Is a donut chart better than a pie chart?
Neither is objectively "better." A donut chart provides space in the center for a label or total, which is useful on dashboards. A pie chart uses the full area, making slices slightly easier to compare. The readability issues (difficulty comparing similar-sized segments) apply to both.
Should the y-axis always start at zero?
For bar charts, yes — truncating the y-axis exaggerates differences and misleads viewers. For line charts, it depends: zero-baseline is safer for general audiences, but domain experts may benefit from a narrower range that reveals subtle trends.
How do I make charts accessible?
Don't rely on color alone to convey meaning. Use labels, patterns, or direct annotations. Test with a color blindness simulator. Provide a text description or data table as an alternative. Use sufficient contrast between chart elements and the background.

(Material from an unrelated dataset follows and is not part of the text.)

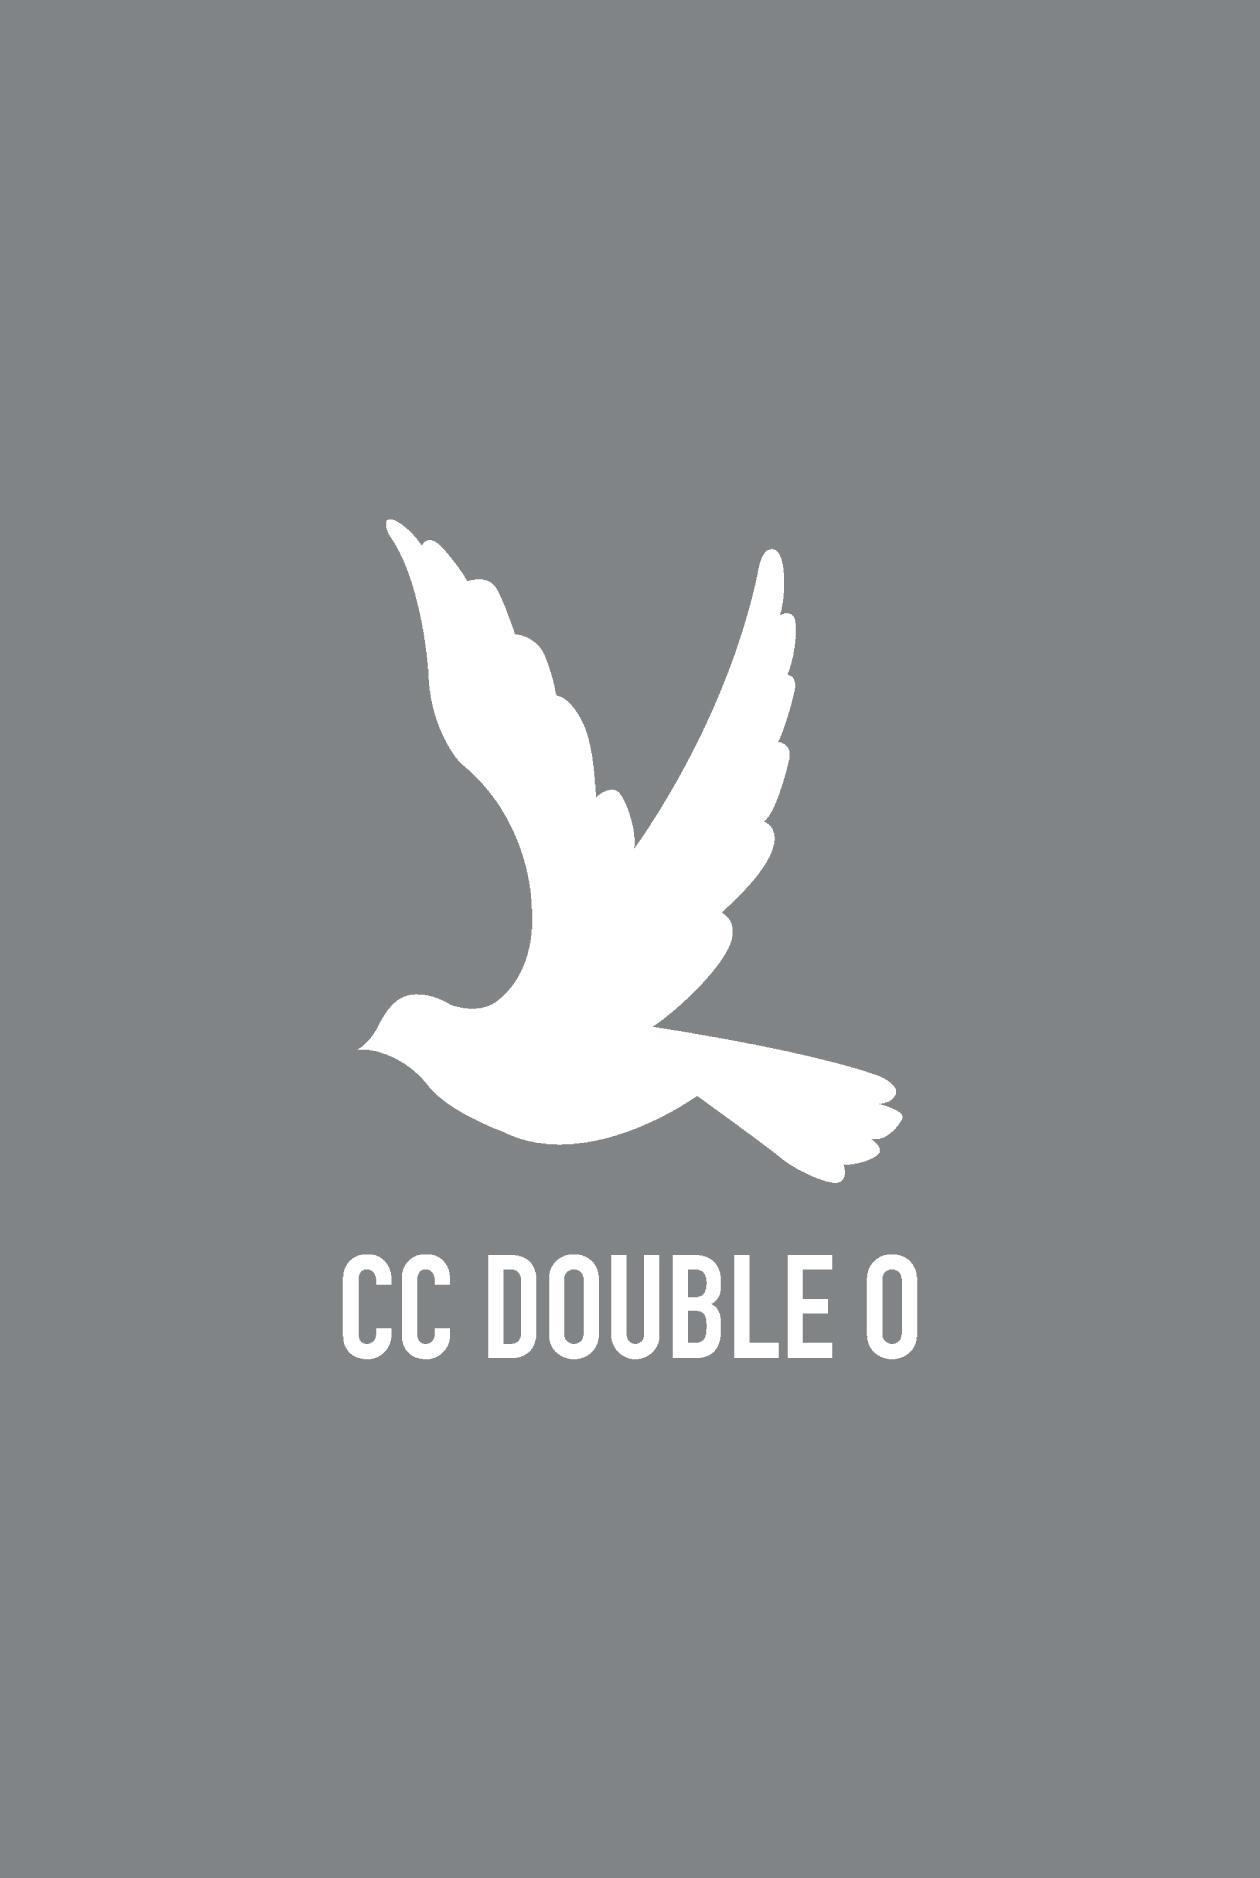 Bird Logo Cap with CC DOUBLE O Brim Detail

What file format should I save charts in?
PNG works for most purposes — presentations, reports, social media, and web. It supports transparency (useful for slides with colored backgrounds). SVG is better for web use where scaling matters. Avoid JPEG for charts because compression creates artifacts around sharp edges and text.
How do I choose colors for my chart?
Use a consistent palette with enough contrast between categories. Start with a tool-generated palette rather than picking colors manually. Avoid pure red and green together (color blindness). Use one highlight color for the most important data point and muted tones for the rest.
What chart should I use for survey results?
It depends on the question type. For multiple-choice questions (which flavor do you prefer?), use a horizontal bar chart sorted by response count. For rating scales (1–5 satisfaction), use a bar chart or stacked bar. For yes/no questions, a simple percentage with a donut chart works.
Can I use charts for small datasets?
Yes, but keep them simple. With only 3–4 data points, a table or a few large numbers may be more efficient than a chart. Charts become more valuable as datasets grow because they reveal patterns that tables hide.